There are no set prices, but Richard Law, of Darbyshire www.darbyshire. uk.com, whose clients include Damien Hirst and Tracey Emin as well as the White Cube and Serpentine Galleries, advises always aiming for the best glass you can afford. "There is a move towards museum standards in framing, to preserve and conserve your art for future generations," he says. "The best glass acts as a UV screen, protecting the work from sunlight. If you hang a painting in direct sunlight without this, it might disappear completely in 12 months' time."
As a very rough guide, Law says that a 12in square painting in a simple frame with UV glass should cost around £75 plus VAT.
Should the glass benon-reflective?
Many of us assume that this is best, but Graham Powell, owner of Graham Fine Art, www.grahamfineart.com the most successful gallery in North London, says that is not always the case.
"The greater the distance between the work and the glass, the more blurred it will be with non-reflective," he says. "Bearing in mind that you should never hang a picture in front of a window anyway, you won't need non-reflective glass, so you can use the ordinary reflective stuff and keep the image much sharper."
What about the mounting?
Always ask specifically for acid-free mounting. If you don't, many framers will use the cheapest materials, which can have a detrimental effect over time.
And the hooks?
Powell says that you must always use proper hanging cord strung between two hooks, and then make sure that the hook is drilled, rawl-plugged and screwed into the wall. "Many old houses are too solid to bang in those little pins, and as you only use one hook, the picture is always leaning. Anything less than a proper screwed- in fixing could result in the work falling off the wall. And check the integrity of the hanging cord once a year – wire breaks, string rots."
If in doubt, is a plain black frame best?

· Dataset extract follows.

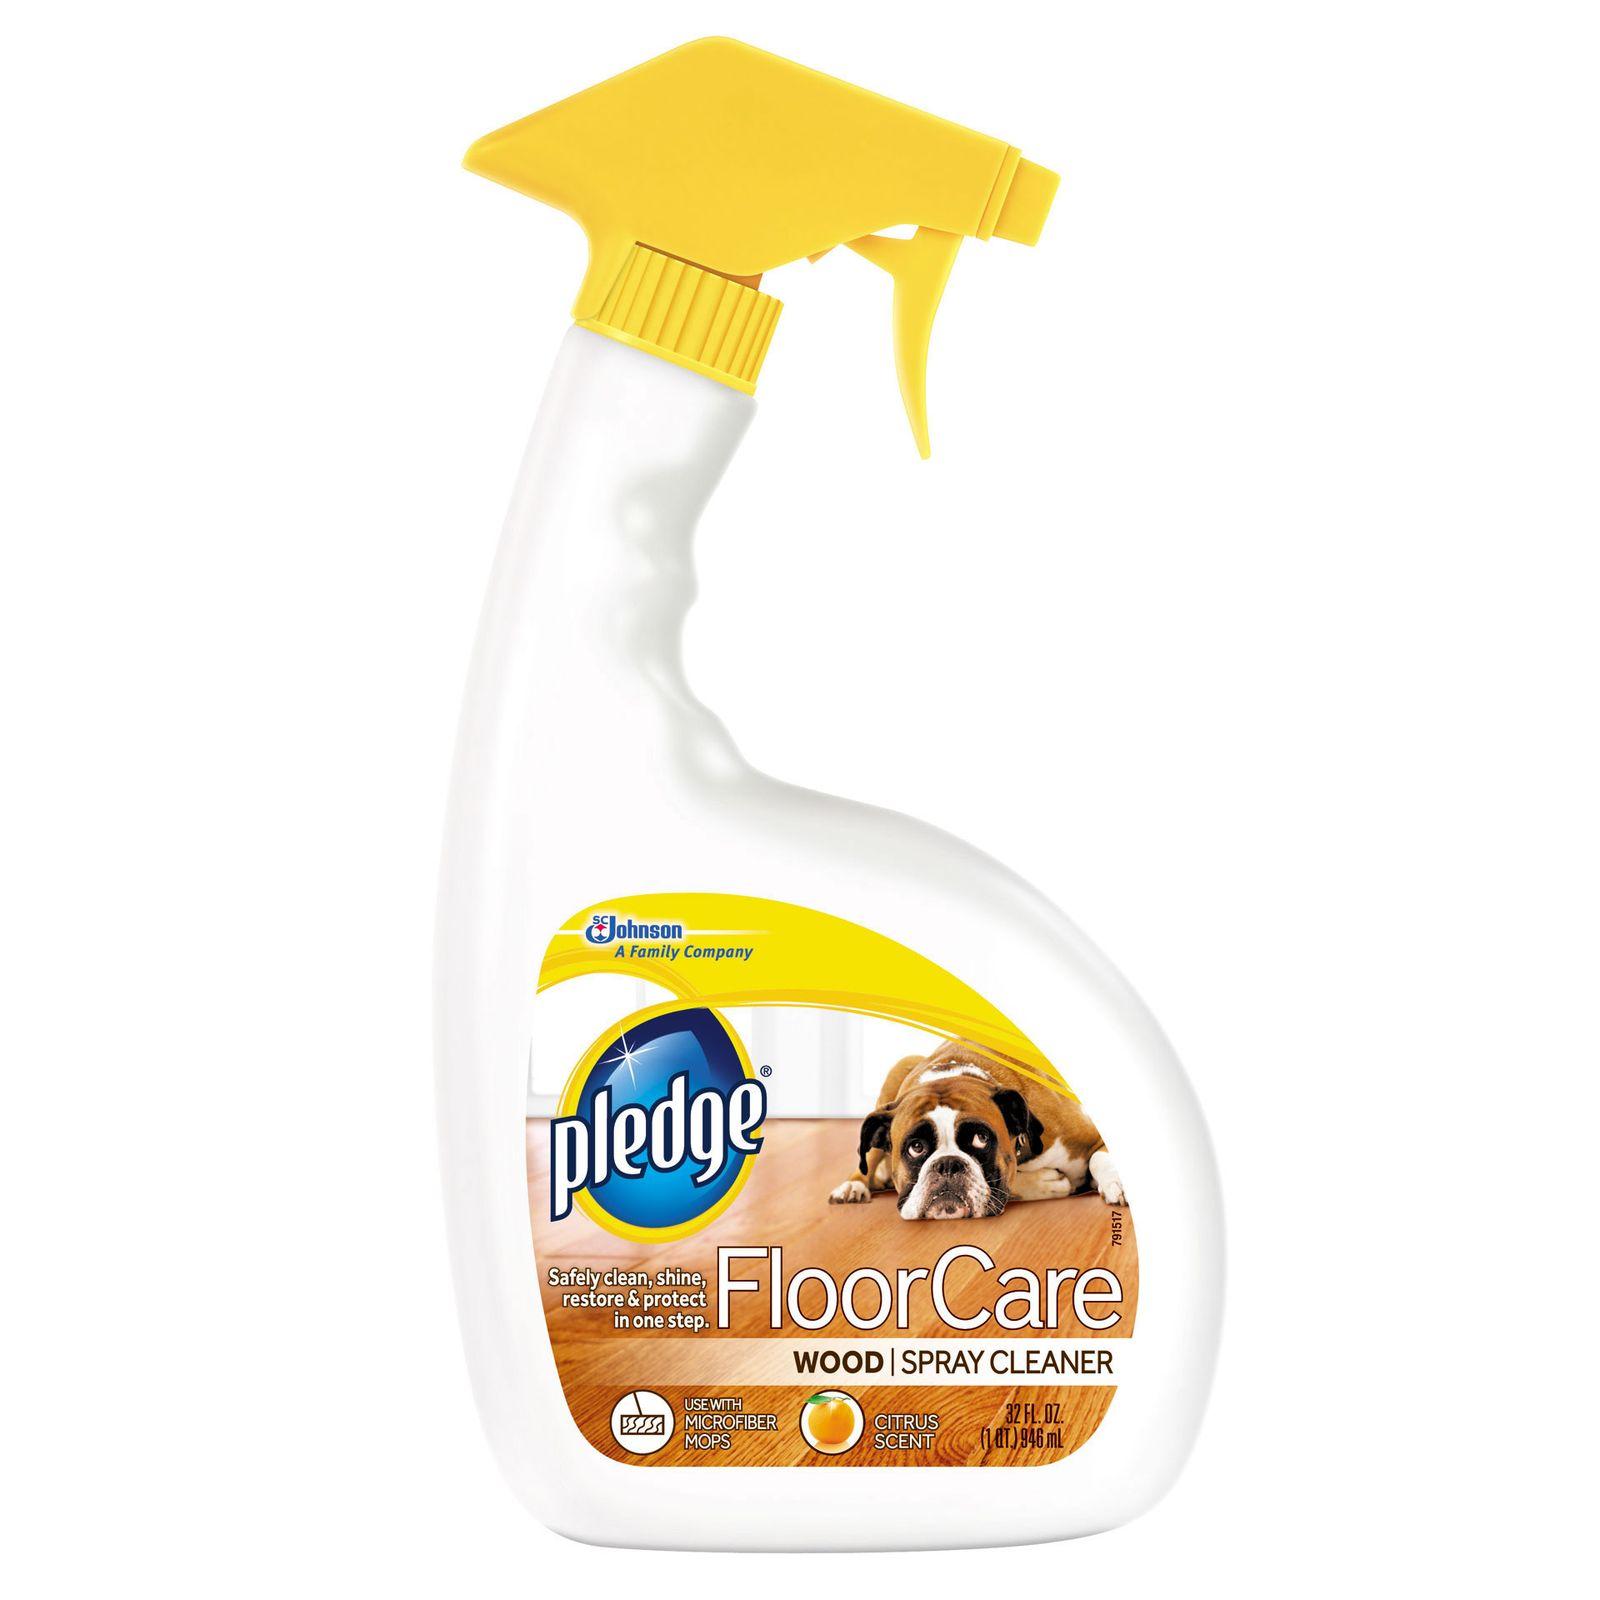 550052d063e74-ghk-pledge-floor-care-wood-spray-cleaner-s2

The frame needs to enhance the picture, not distract from it, so try to choose something that won't kill it. Black frames or matching colours look good when you are hanging groups of pictures or photos, and there's no reason why you shouldn't go for cheaper frames, such as those from Ikea or Habitat. Ornate gold frames work best in stately homes, and, unless you are showing off pictures of your ancestors, then picture lights are out.
How to group pictures of different sizes
As a rule of thumb, the centrepiece should be placed at roughly 1.5m above the floor – that's average eye-level. Then you can add the rest from there. Law says: "It's a good idea to lay the pictures out on the floor first to see what the finished effect will be, and it gives you a chance to play around with the arrangement before you start drilling into the wall."
Go for different effects – you can hang pictures of different sizes in similar frames in vertical lines, creating a stripe effect, or you can group them close together in a random shape.
Where to hang pictures
It used to be thought "common" to hang family photographs on the wall, but for those of us who don't have a grand piano on which to display them, the wall will have to do. Try hanging them up the stairs, where you will be able to see them as you go past, and they won't have to be in a straight line. This also makes it easy to add to your display, as you can just keep going onwards and upwards.
Where not to hang pictures
Avoid direct sunlight, as mentioned above, and don't hang above radiators as they can cause the paper and wood to warp and dry out, and, ultimately, the glue to fail. You should also wait at least six months before hanging anything on newly plastered walls. And while over the fireplace might seem the obvious choice, the harmful effect of the heat is the same as above radiators.
The professional's tips
By Graham Powell
* Consider the whole room, not just the one wall where you are putting your work. You might be starting with one piece but you will add to it, or hang a clock or a mirror.
* Try the top-line principle, where all the tops of the frames are in a straight line, perhaps on a level with the door frame. This will mimic a picture rail and also give you a staggered bottom line. Or reverse it so the bottom line is level and you have a staggered top line. Use both on the same wall to fill it with pictures of different sizes.
* Alternatively centre the height of a row of pictures. Choose the main piece and hang all the others so their centres line up to give a staggered line at the top and bottom.